We considered two possibilities for the identity of the first peak: (1) a complex of MBP-FGFR2 dimer with FGF1, (2) a dimer of MBP-FGFR2 in DDM micelles. Western blot analysis with an anti-MBP antibody confirmed the presence of MBP-FGFR2 ECD + TM (Fig. 6). We eliminated the possibility of the peak being the FGFR2-FGF1 complex because the expected molecular weight is 230.5 kDa, and western blot analysis with an anti-His-tag antibody did not show the presence of FGF1 (data not shown). In contrast, the expected molecular weight of an MBP-FGFR ECD-TM dimer with a DDM micelle is 213 kDa. Potentially, the inclusion of the TM region or DDM may stabilize an inactive conformation of the dimer, rendering it incapable of binding FGF1. Another possibility is that the MBP fusion-tag interfered with FGF1 binding.

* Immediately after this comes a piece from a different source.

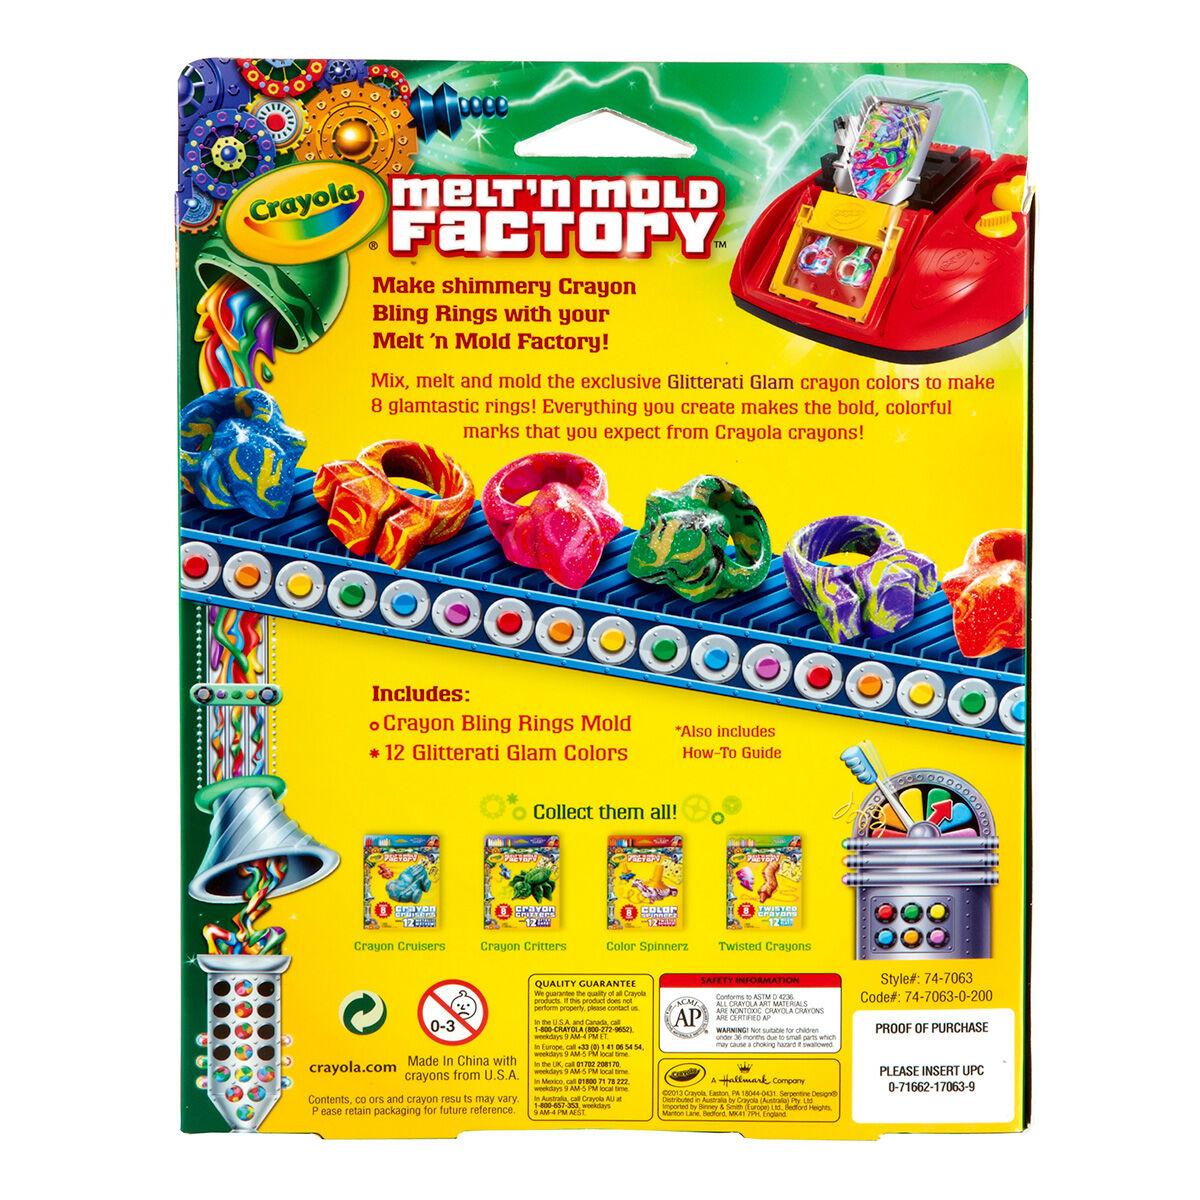 Crayon Rings Melt N Mold Factory Bling Rings Glitterati Glam Pack Crayola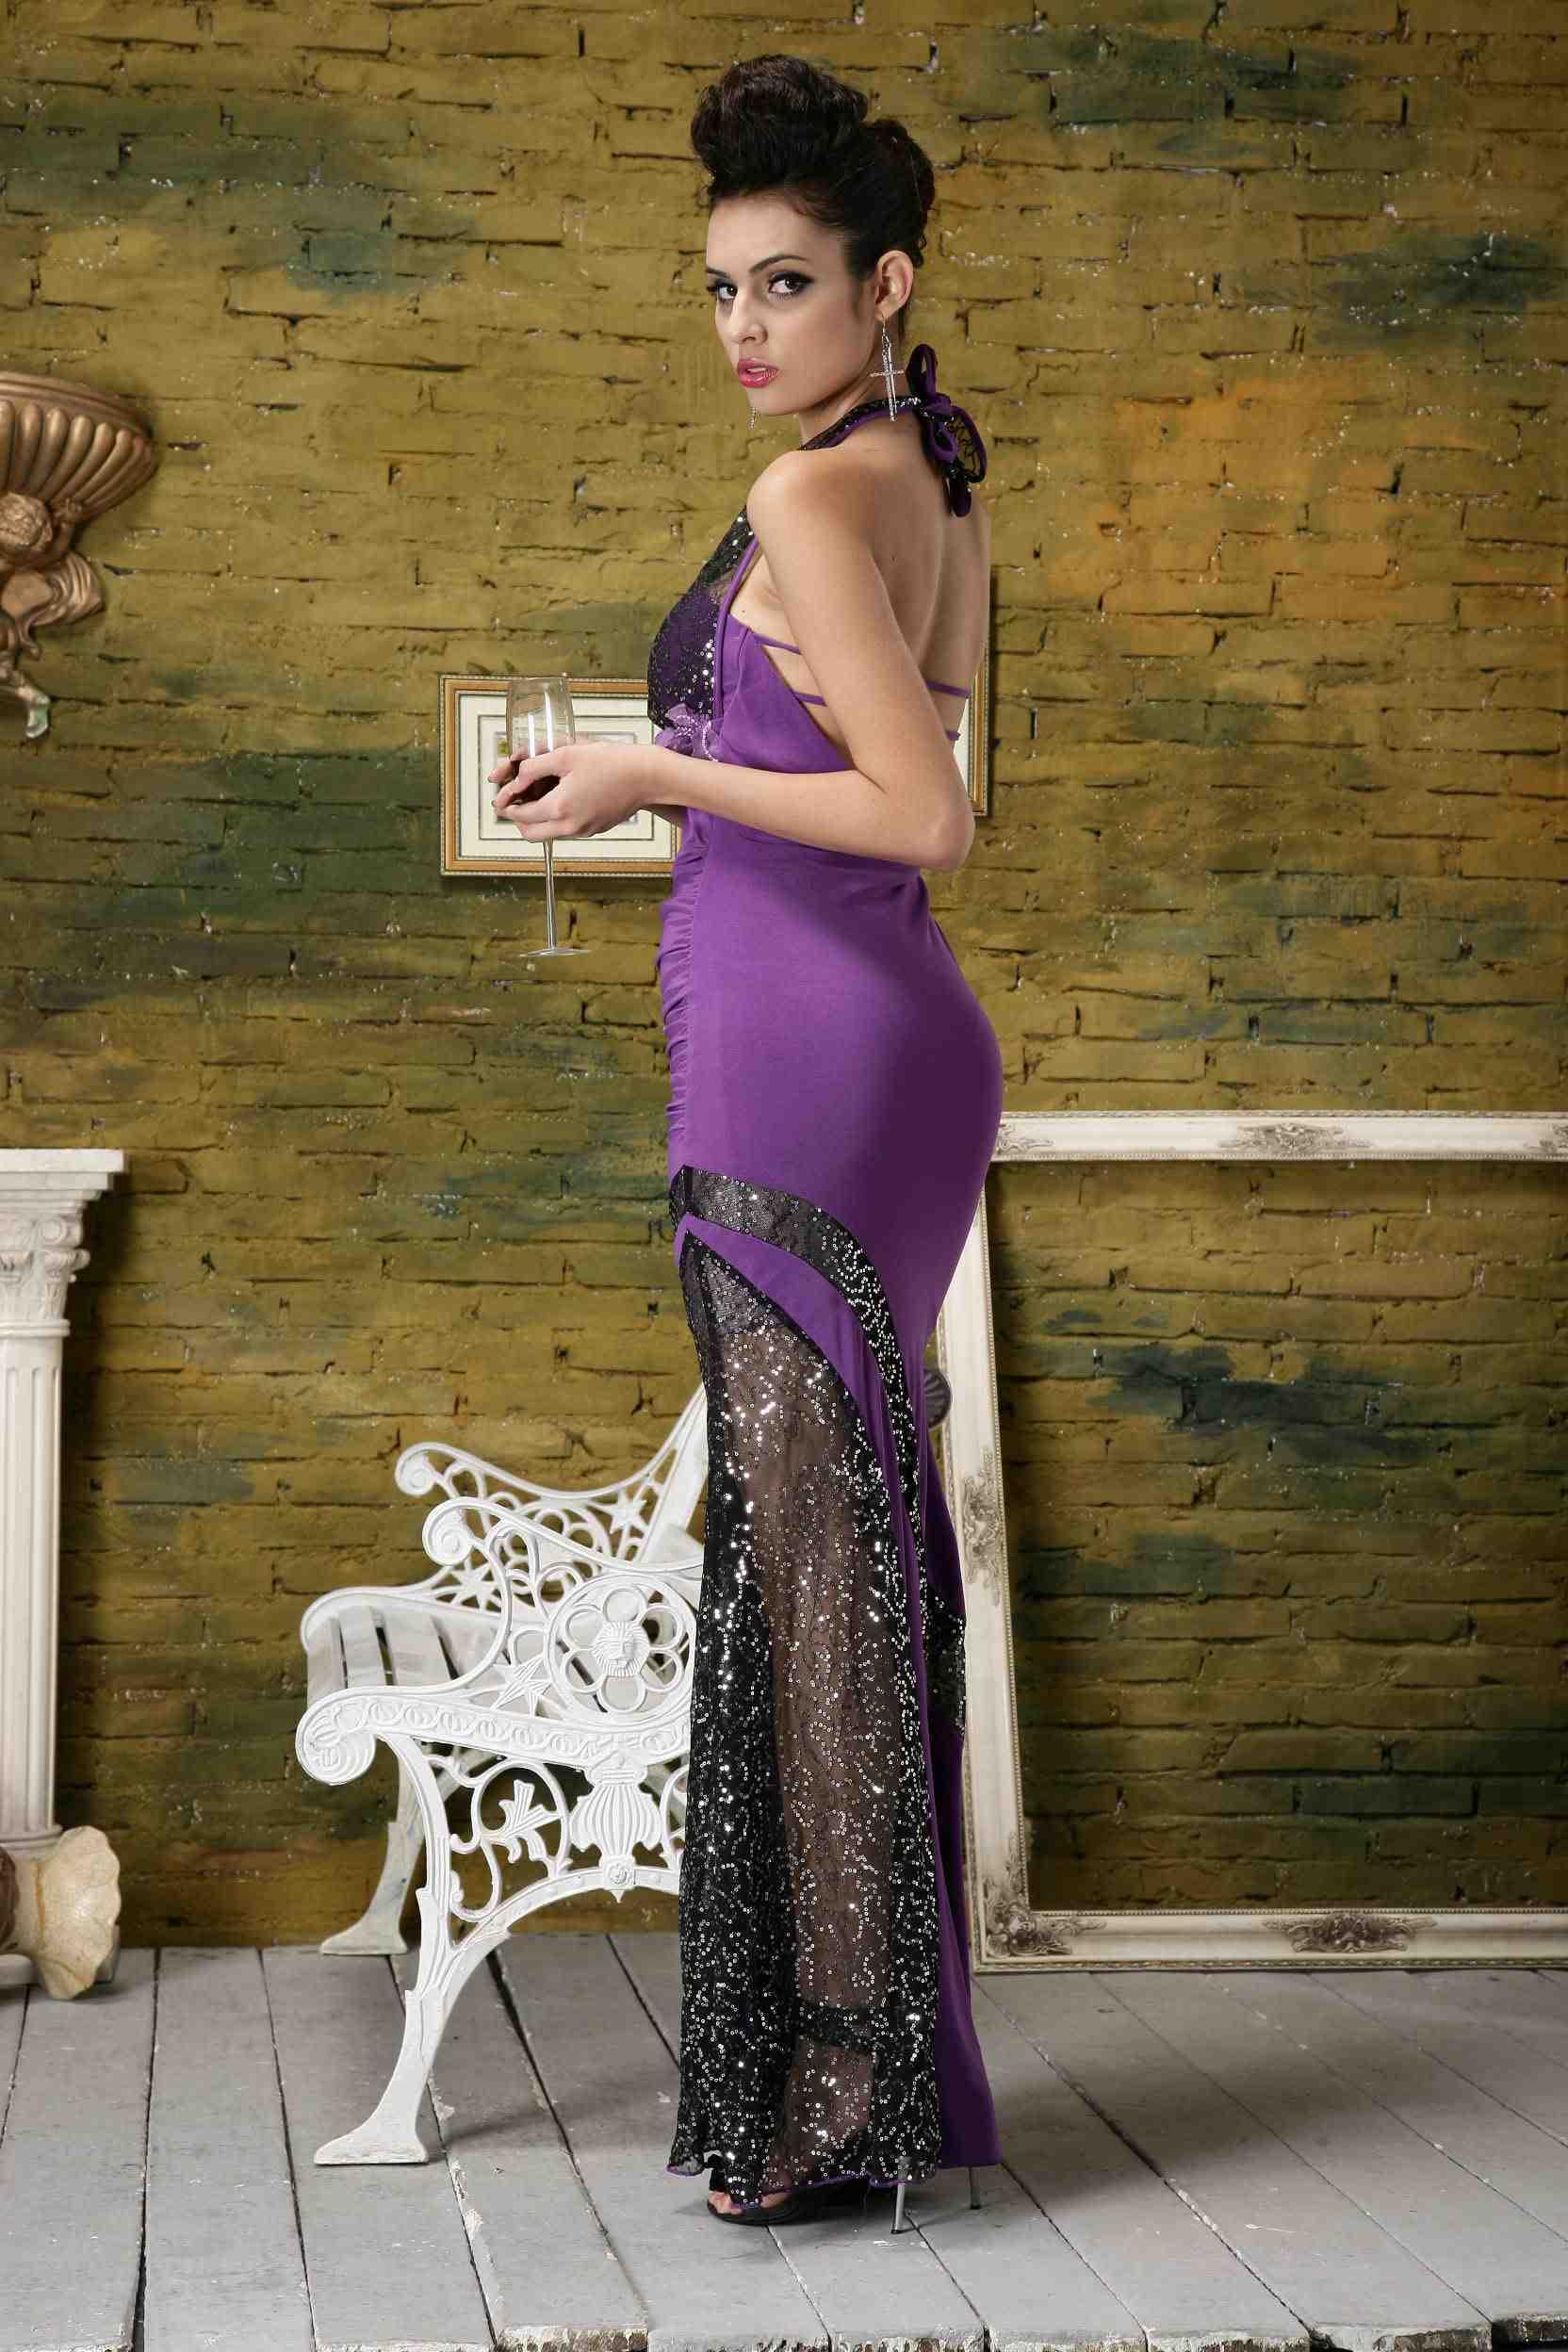 Вечернее платье Lan Kwai Fong 21314 Lan Kwai Fong 2013 года Макси-юбка (более 126см)

Our results present progress toward recombinantly expressing partially functional FGFR2 ECD + TM in E. coli. This is the first report of recombinant expression in E. coli of a eukaryotic protein kinase construct containing its TM domain. Protein production in E. coli is highly desirable because of low costs, fast growth, easy mutagenesis, and high protein yields. Key steps include the use of the MBP fusion tag, use of the Lemo21 (DE3) strain, refolding from inclusion bodies, and use of the detergent DDM throughout all extraction and purification procedures. The purified FGFR2 ECD + TM demonstrated the ability to dimerize and bind heparin but did not form a stable complex with FGF1 as observed by size exclusion chromatography. This may suggest that the purified FGFR2 was not fully folded or functional. Other possible explanations include: (1) inclusion of the TM or detergent favors an inactive conformation, (2) stable complex formation requires the addition of accessory molecules such as heparin, heparan sulfate, or sodium octasulfate (Zhang et al., 2009), or (3) the MBP fusion tag interfered with FGF1 binding. We plan on future experiments to address these possibilities. The potential inhibitory role of the TM in FGF binding and receptor activation merits further investigation. Future studies of FGFR and receptor kinase function should include the TMs in the expressed protein constructs as its biochemical role is increasingly recognized.